Или такая вещь, как ремарка. Считается чуть ли не «хорошим тоном» игнорировать ее. А Горький на описание места действия не жалеет времени и слов, он на полстраницы дает описание, почему же это нас в меньшей степени интересует, чем диалог, характеры и т. д.? Я не призываю быть рабом ремарки, дело не в буквальности, а в существе.

В Художественном театре ставили «Мещан» и «На дне». В первом случае сделали все точно так, как написано в пьесе, а Горький был недоволен и сказал, что это не то. А в «На дне», где Симов под впечатлением жизни Хитрова рынка сделал, в общем, не похожее на ремарку, театр привел Горького в восторг. У Дмитриева в «Егоре Булычеве» — ничего похожего на авторское описание не было, а Горький остался доволен. Значит, слепое следование автору — еще не все.

Но нас должен интересовать сам характер повествования. Нельзя игнорировать способ изложения ремарки, потому что это единственный случай, где автор разговаривает в пьесе сам.
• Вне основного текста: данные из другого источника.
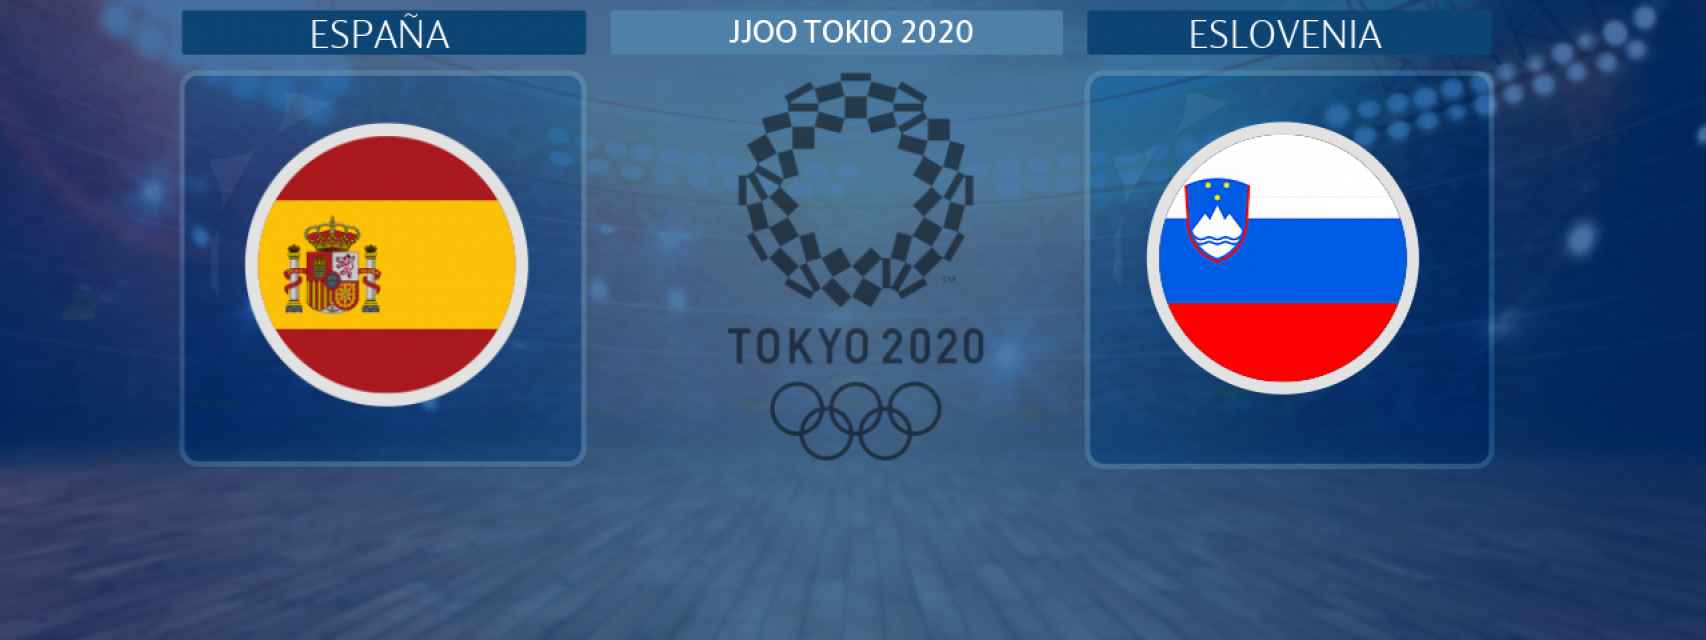 España - Eslovenia, partido de baloncesto masculino de los JJOO Tokio 2020

Ремарка есть определенный настрой на произведение, и не следует воспринимать ее как нечто служебное, несущественное.

Жанровое различие между произведениями заключается, помимо различного способа отбора предлагаемых обстоятельств, еще и в разных «правилах игры» по отношению к зрителю. Способ общения актера со зрительным залом в каждом спектакле должен определяться по-своему. Характер его заложен в самой ткани произведения, в самом его содержании и в его формальном литературном выражении. И когда начинается спектакль, актер как бы уславливается со зрителем относительно «правил игры» в сегодняшнем спектакле. В одной пьесе он непосредственно обращается к людям, сидящим в зрительном зале, в другой — играет так, будто зрительного зала не существует. Общение с залом может быть очень сложным: самой манерой сценического поведения актер может предупреждать, намекать, предостерегать или, напротив, призывать к доверию. У Мольера Гарпагон в открытую беседует со зрителем, а в «Трех сестрах» между сценой и залом существует как бы непроницаемая «четвертая стена». Сам способ общения со зрителем не надо декларировать, но не определять его режиссеру нельзя, так как без него невозможно осознанное жанровое решение произведения.

В спектакле «Когда цветет акация» в Большом драматическом театре выходил один ведущий и произносил: «Сегодня мы играем спектакль», а другой добавлял: «Концерт». Способ переброски текста в эстрадном ключе сразу задавал определенную тональность в общении со зрителем, вне которой не мог играть ни один исполнитель.

Связь с залом непременно предполагается в любом случае. Возьмем простой пример: артист, делающий драматический этюд, и артист, делающий тот же этюд эстрадным способом. Артист Е. Лебедев показывает старый, хрестоматийный номер — рыболов. Если же этот этюд сделает, например, А. Райкин? Изменится он качественно? Непременно. У эстрадного артиста все будет более кратко и выразительно, у драматического — более подробно и достоверно. И это — разный способ общения со своим зрителем, продиктованный разными задачами, которые стоят перед исполнителем: у Райкина задача — в максимально короткое время успеть сделать как можно больше, у Лебедева — максимально вовлечь зрителя в свою сценическую жизнь.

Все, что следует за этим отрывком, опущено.